# What is the 3-2-1 method



## seacer (Dec 9, 2012)

Hi Guy's, I have my own technique down that works fine for us but curious what is this 3-2-1


----------



## teamfirstcast (Aug 23, 2006)

2 hrs unwrapped with a dry rub, 2 hrs wrapped with butter, maybe brown sugar and honey, then final hr unwrapped for a final glaze and crust. But I find that 6 hrs is really too long for me and that of course depends on your cooking temps... usually about 250 is about right. my .02 but i'm not a rib expert even though they are always very good!


----------



## Turney (Jun 10, 2012)

These will make you slap your mama!

http://www.traegergrills.com/recipe?recipeid=3-2-1-baby-back-ribs


----------



## Mikeg77583 (Jul 11, 2014)

3 hours unwrapped 
2 hours wrapped in foil
1 hour unwrapped


----------



## fattrout (Jun 19, 2013)

personally i dont like the 3-2-1 method....just cook them til the meat starts to pull back from the bone and when picked up on one end with some tongs the ribs start to break


----------



## bigfishtx (Jul 17, 2007)

fattrout said:


> personally i dont like the 3-2-1 method....just cook them til the meat starts to pull back from the bone and when picked up on one end with some tongs the ribs start to break


Right on. What he said.

About 4-4.5 hrs will do it for Spares. Foil them and they get mushy.


----------



## TIMBOv2 (Mar 18, 2010)

bigfishtx said:


> Right on. What he said.
> 
> About 4-4.5 hrs will do it for Spares. Foil them and they get mushy.

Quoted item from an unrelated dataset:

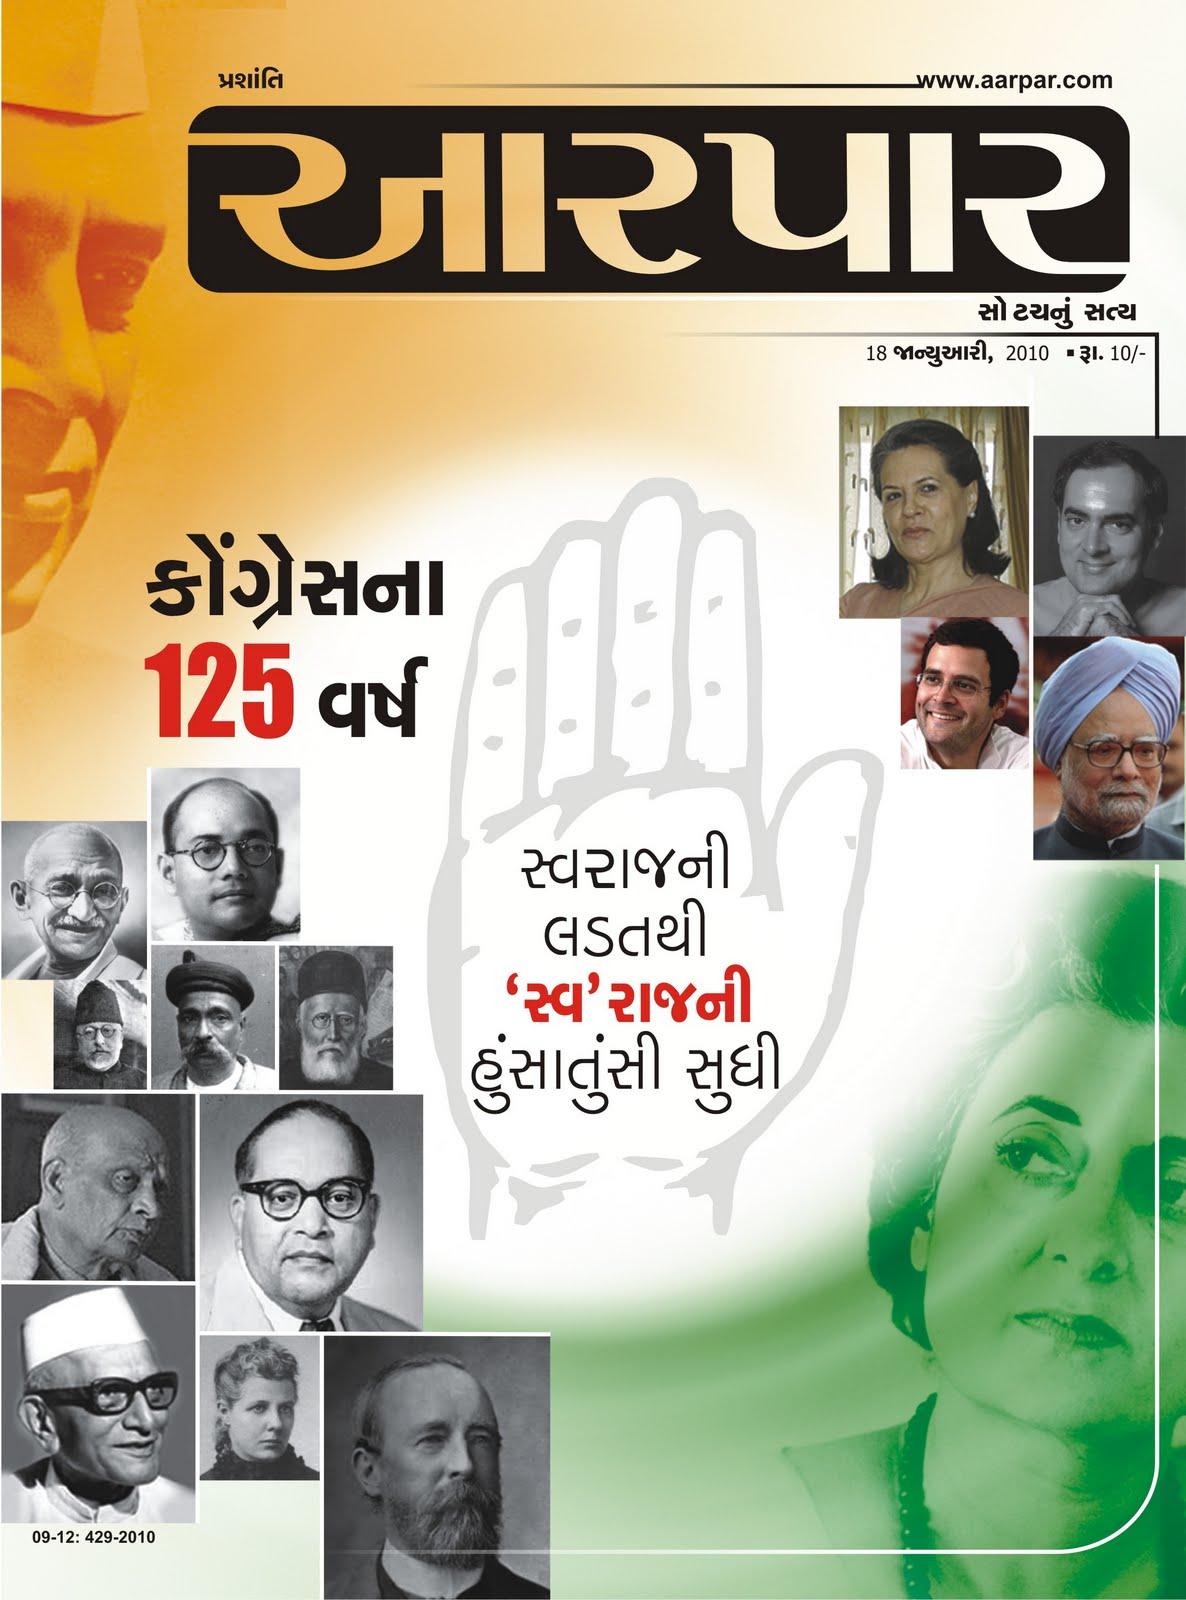 art-o-graphs: indian national congress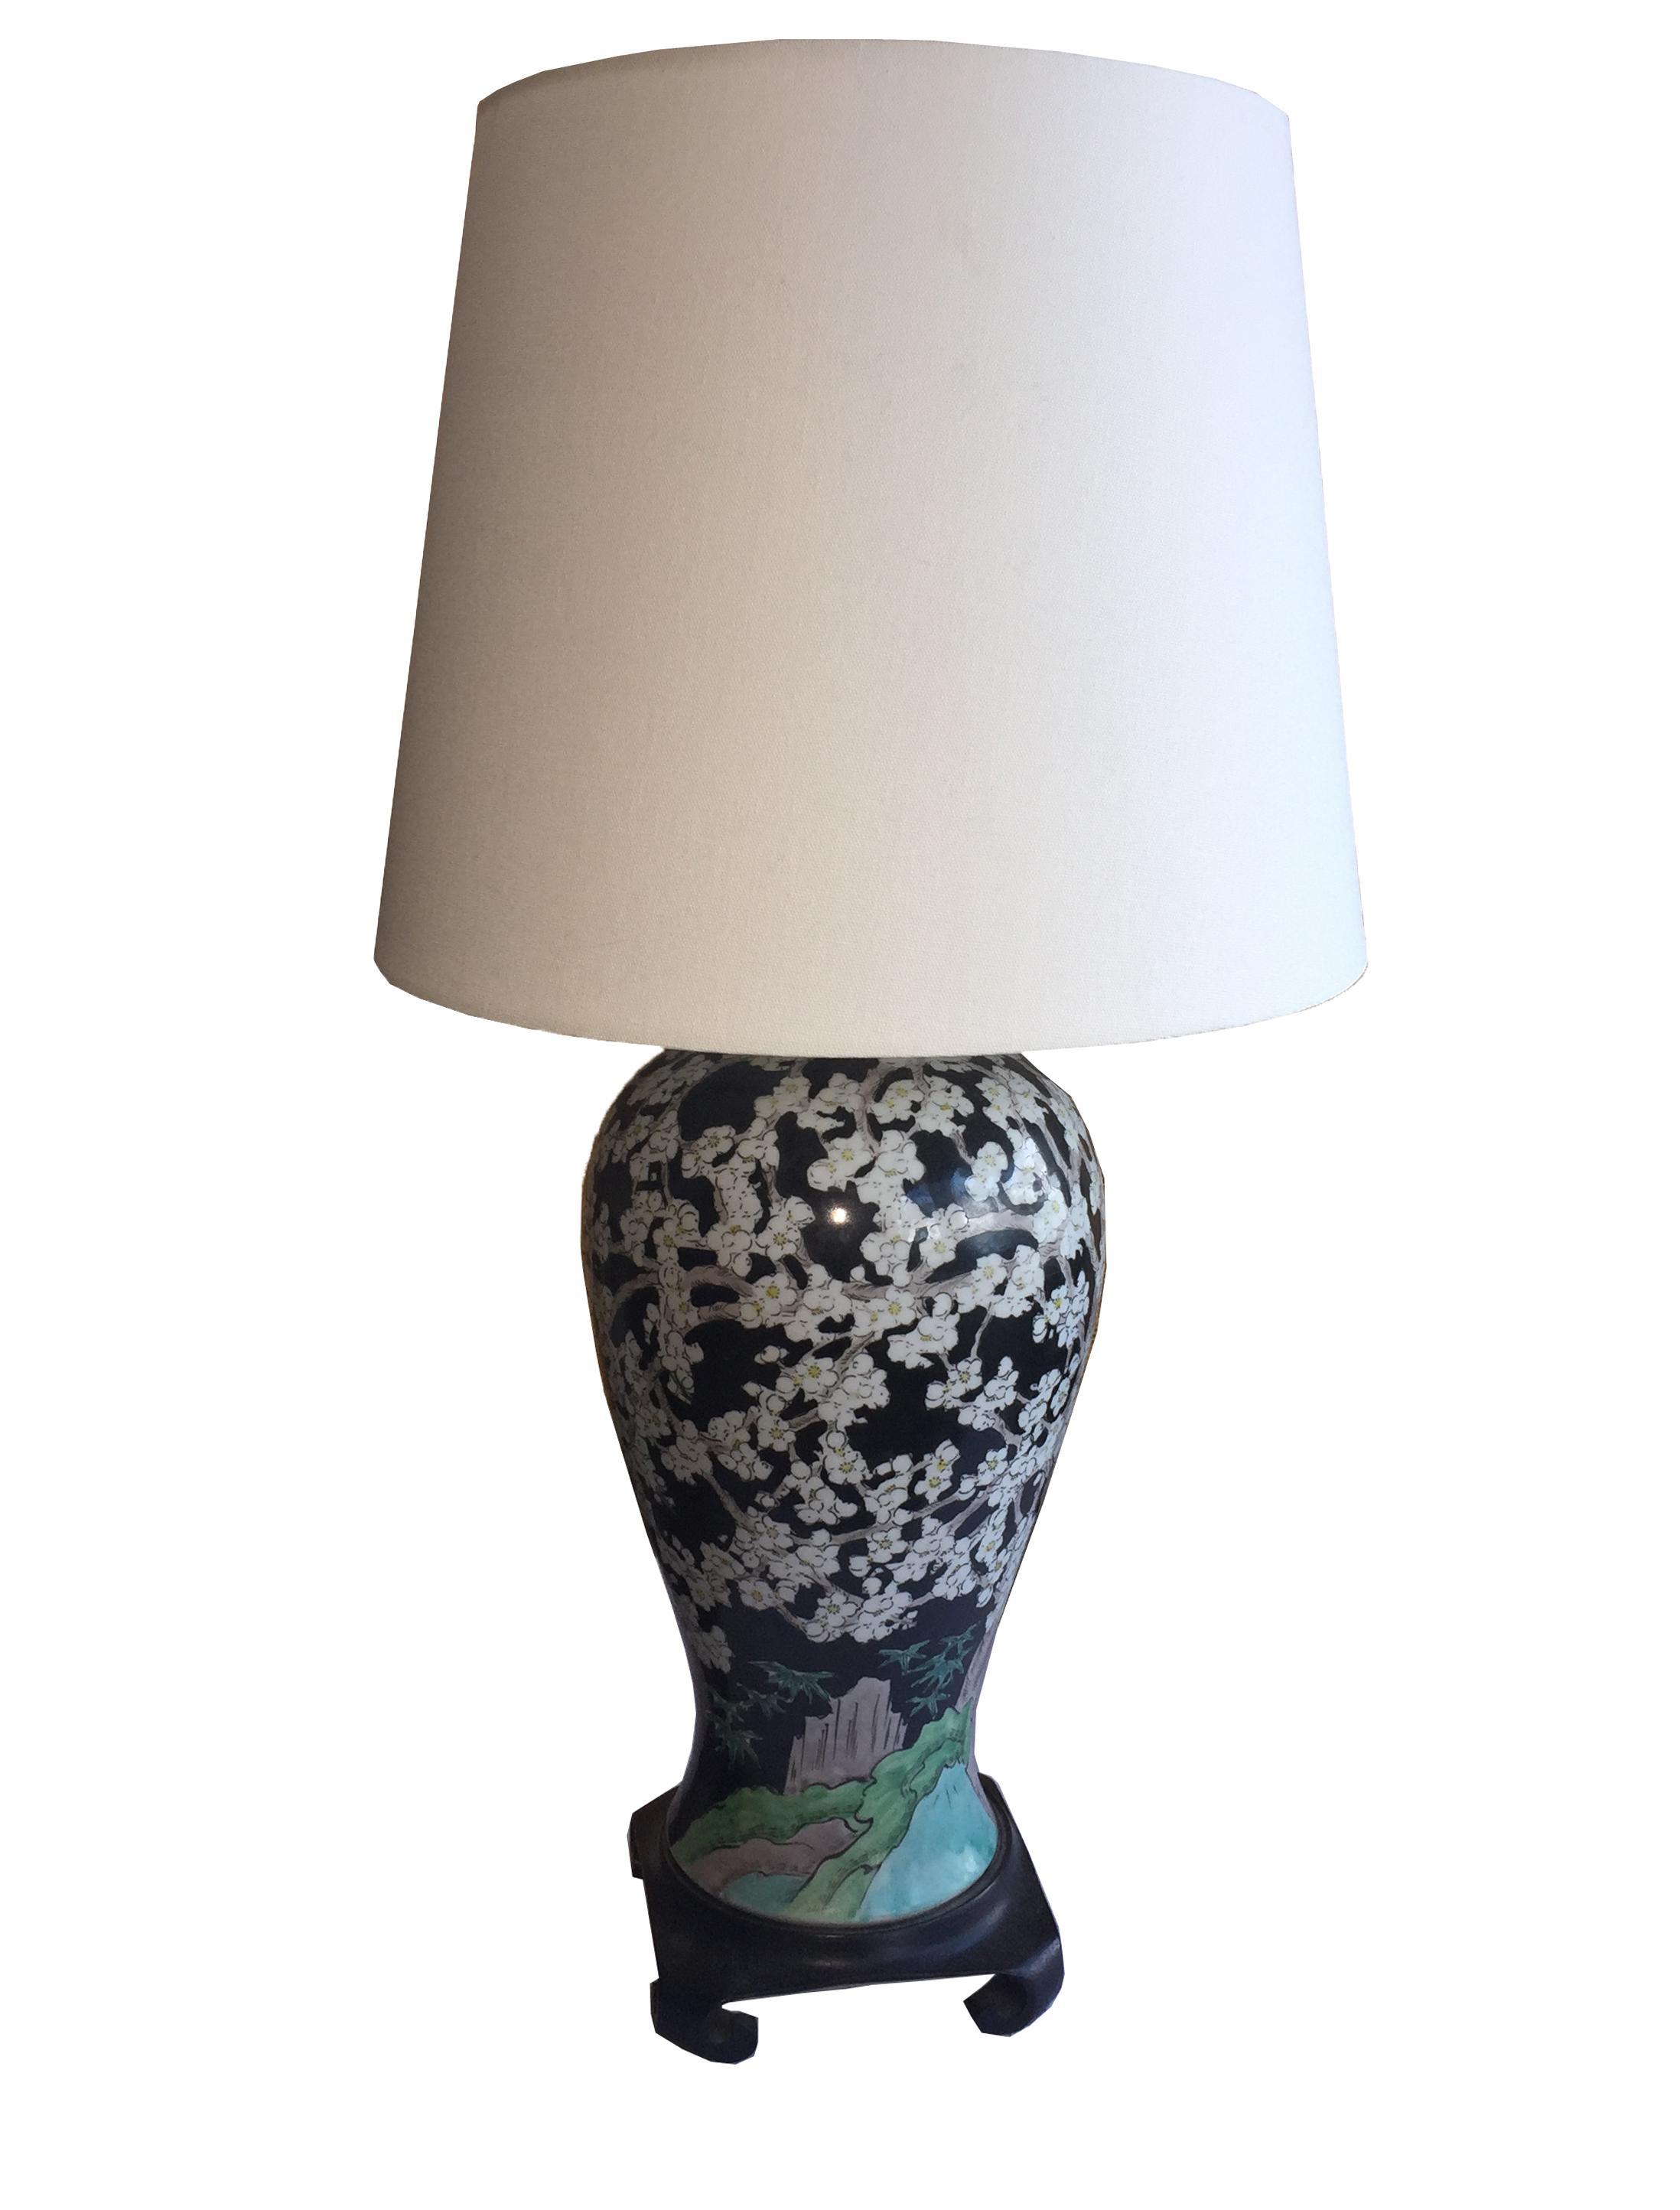 chinese famille noir vase lamp chairish. Black Bedroom Furniture Sets. Home Design Ideas

That is why you unfoil on the last hour of the 321 method, they will tighten back up. I used to do mine as mentioned above until I tried the 321, I know it takes longer but everyone around here loves it


----------



## Spots and Dots (May 23, 2004)

321 is the best way to make great ribz, imo.

They come out tender, but with a bite. 


Sent from my iPad using Tapatalk


----------



## Deany45 (Jul 24, 2011)

I go with 2-2-30 minutes. I cook a little hotter at 275 though.


----------



## larryamyers (Dec 20, 2009)

Deany45 said:


> I go with 2-2-30 minutes. I cook a little hotter at 275 though.


 I do 1 hour, 1 hour wrapped with brown sugar, honey and butter, 1 hour back on the grill uncovered at 225 degrees. Perfect! 3 hours total. No more.


----------



## bigfishtx (Jul 17, 2007)

Sounds like we need to have a rib shootout. Maybe put up $100 each, find some neutral judges, and winner take all?


----------



## fishingcacher (Mar 29, 2008)

I have used 3 hours indirect heat with a water pan, 2 hours in the oven, 1 hour resting time before slicing.


----------



## fattrout (Jun 19, 2013)

imo....oven cooked ribs are for the ladies


----------



## Lav20 (Mar 22, 2005)

I would agree 6 hours is usually a little long on the cooking. I would go with a 2.5, 1.5. 1

Or the 25151 method. I think the the ingredients were/are Parkay Squeeze Margarine, Honey, Brown Sugar and Tiger Sauce for the heat. 

225 deg.


----------



## Deany45 (Jul 24, 2011)

If you haven't tried Texas Pepper Jelly Rib Candy for glazing, you are missing out. Try it.


----------



## Maverick2014 (Aug 31, 2014)

[email protected] 225* wrap with parkay, brn sugar or honey, perfect every time!!!


----------



## POCLANCE (Apr 5, 2006)

*TEMP?*



Maverick2014 said:


> [email protected] 225* wrap with parkay, brn sugar or honey, perfect every time!!!


 TEMP?


----------



## surf_ox (Jul 8, 2008)

POCLANCE said:


> TEMP?


225?!?!?

--------------

We never become who God created us to be trying to be like everybody else.


----------